** Dataset content **
============================================================
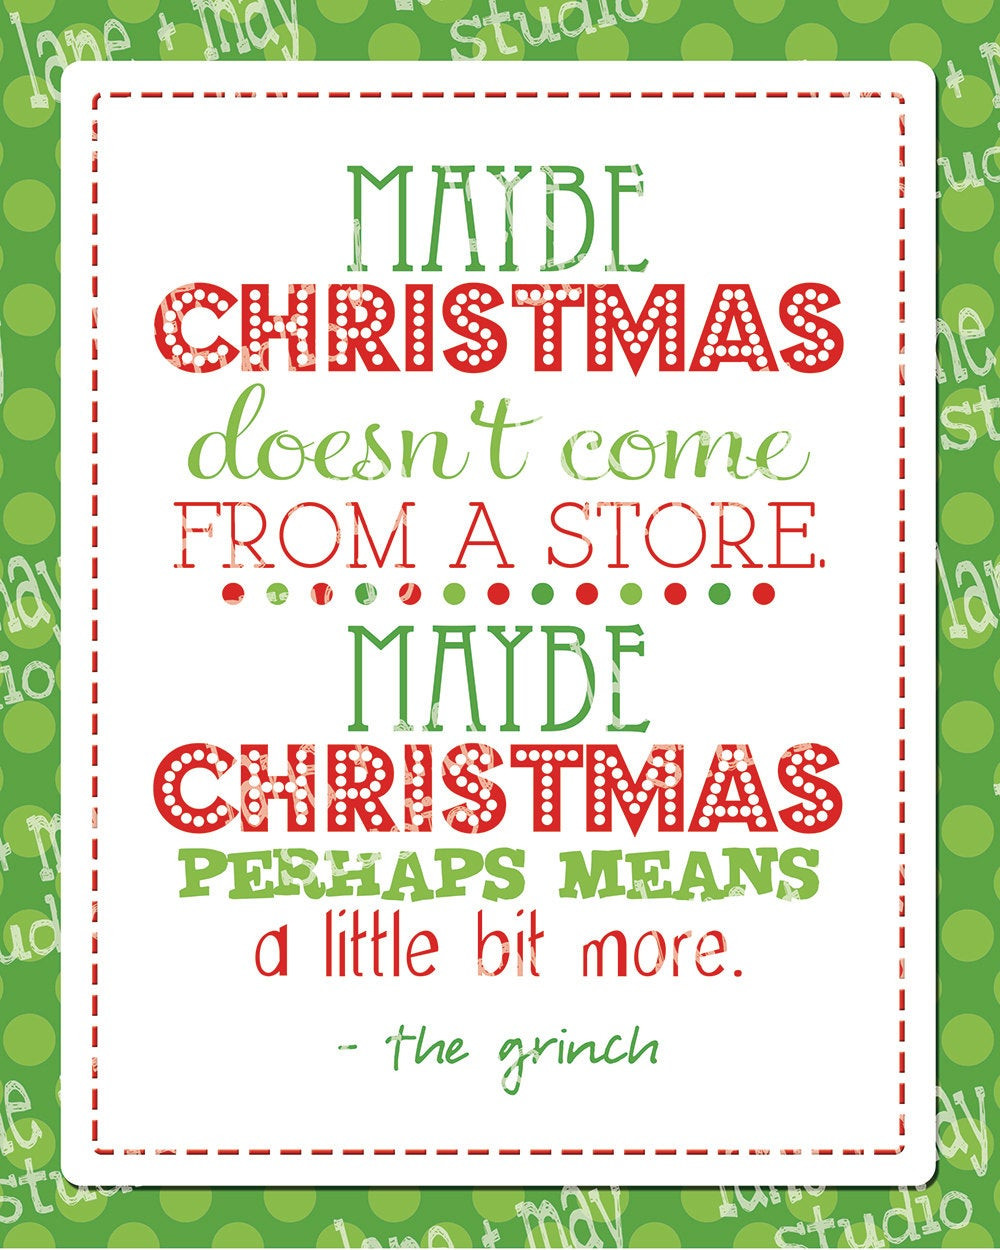 Grinch Quotes About Christmas
 christmas grinch quote 8 x 10 digital print INSTANT by
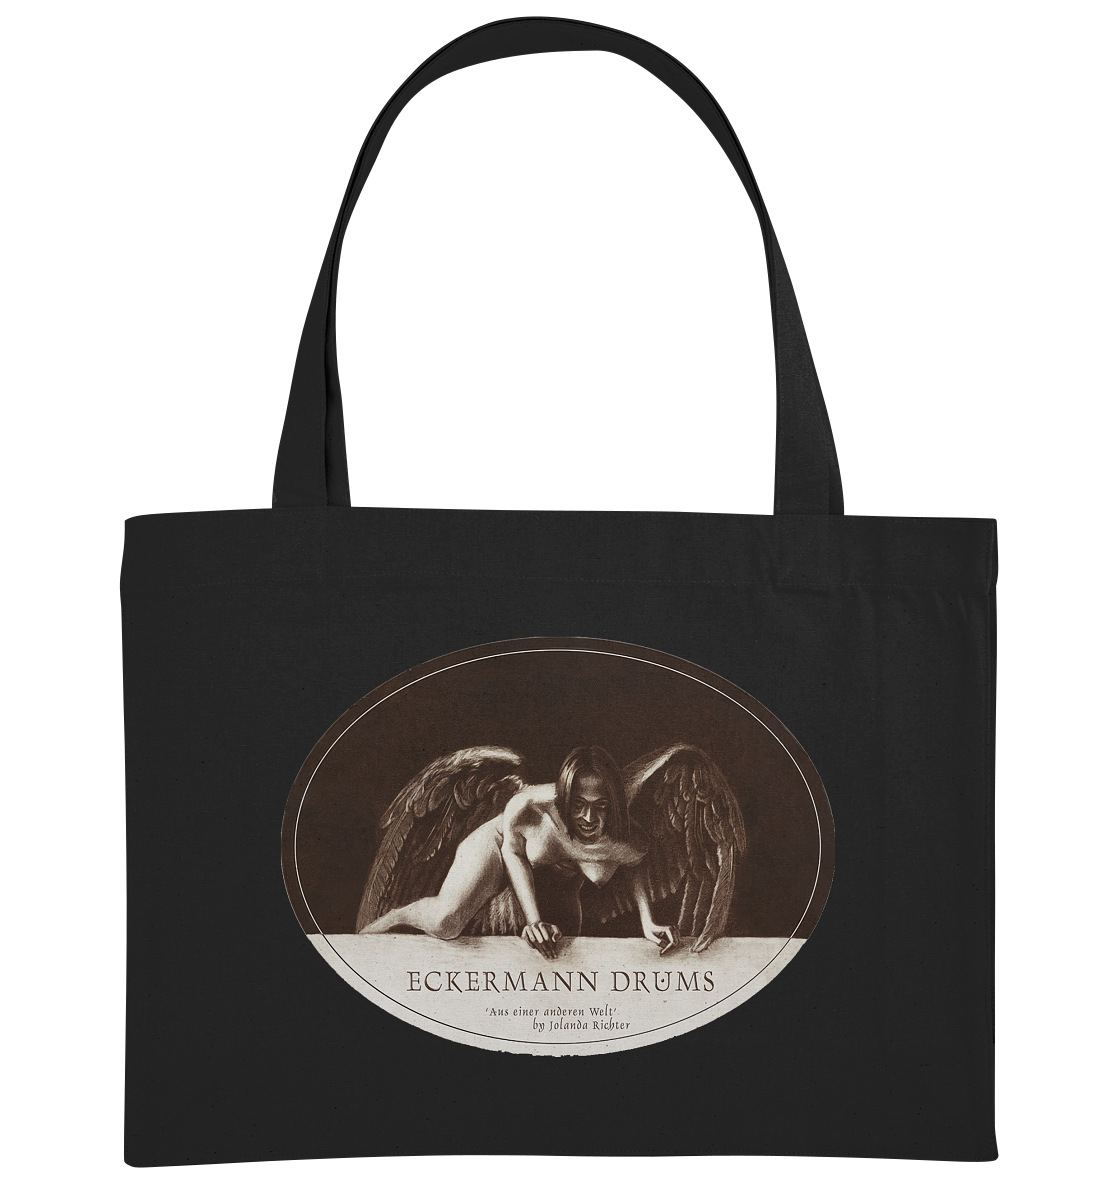 Eckermann DRUMS - "From Another World" - Organic Shopping-Bag
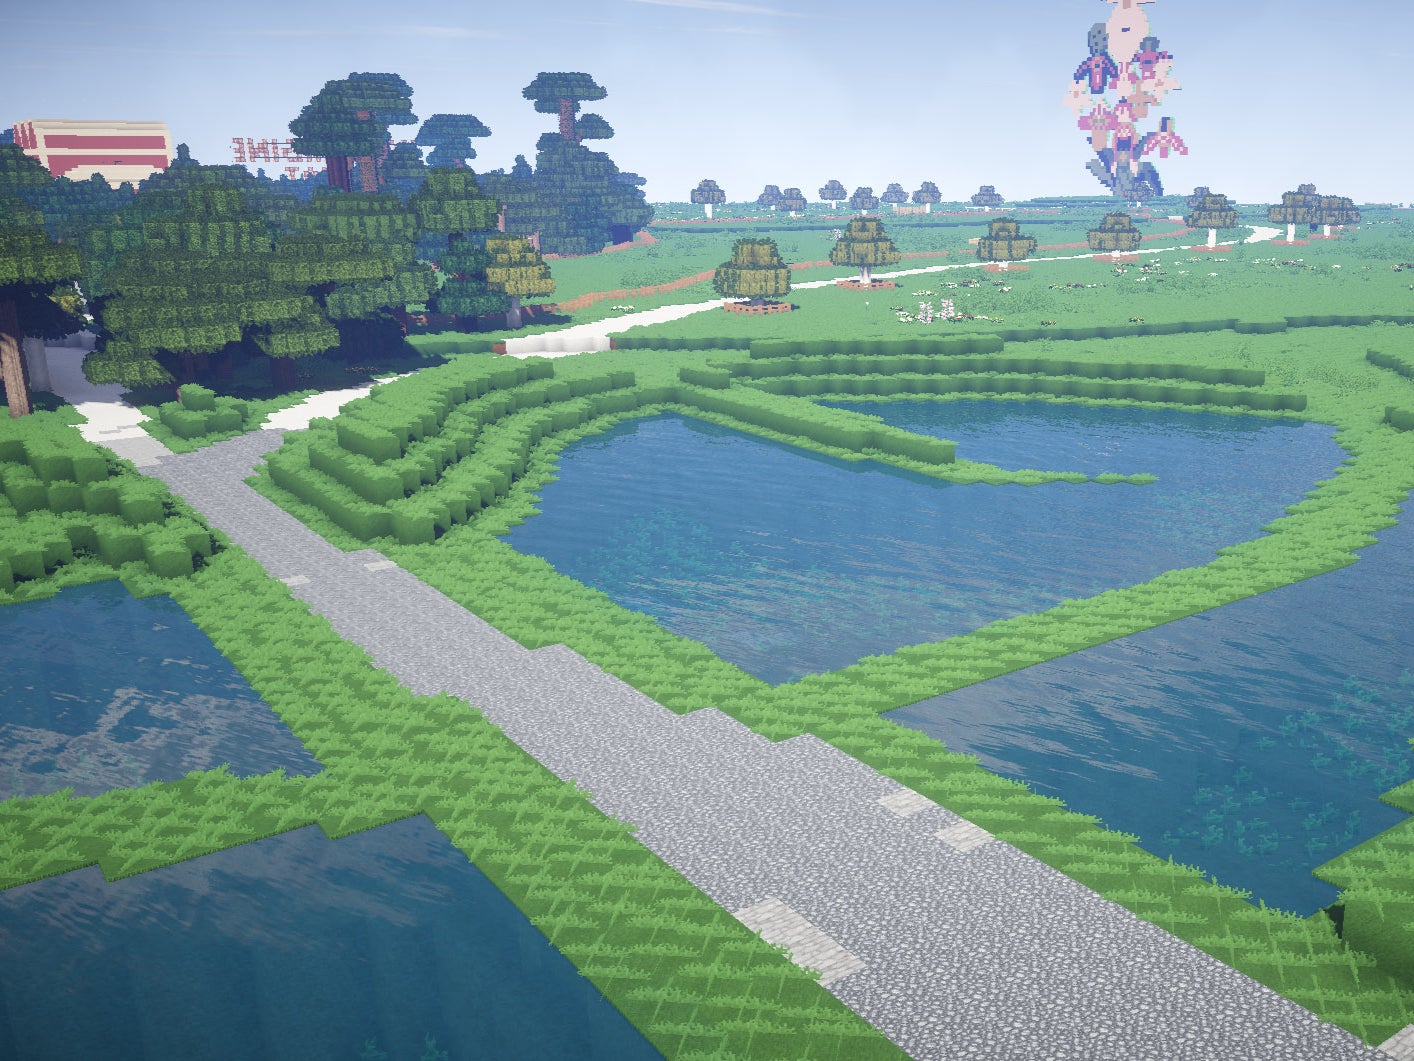 Jupiter Artland as it has been recreated in the popular video game Minecraft
============================================================
** Aim of the task **
Copy the whole listing exactly, excluding the pictures in it.

** Output of the task **
 Grinch Quotes About Christmas
 christmas grinch quote 8 x 10 digital print INSTANT by
 Eckermann DRUMS - "From Another World" - Organic Shopping-Bag
 Jupiter Artland as it has been recreated in the popular video game Minecraft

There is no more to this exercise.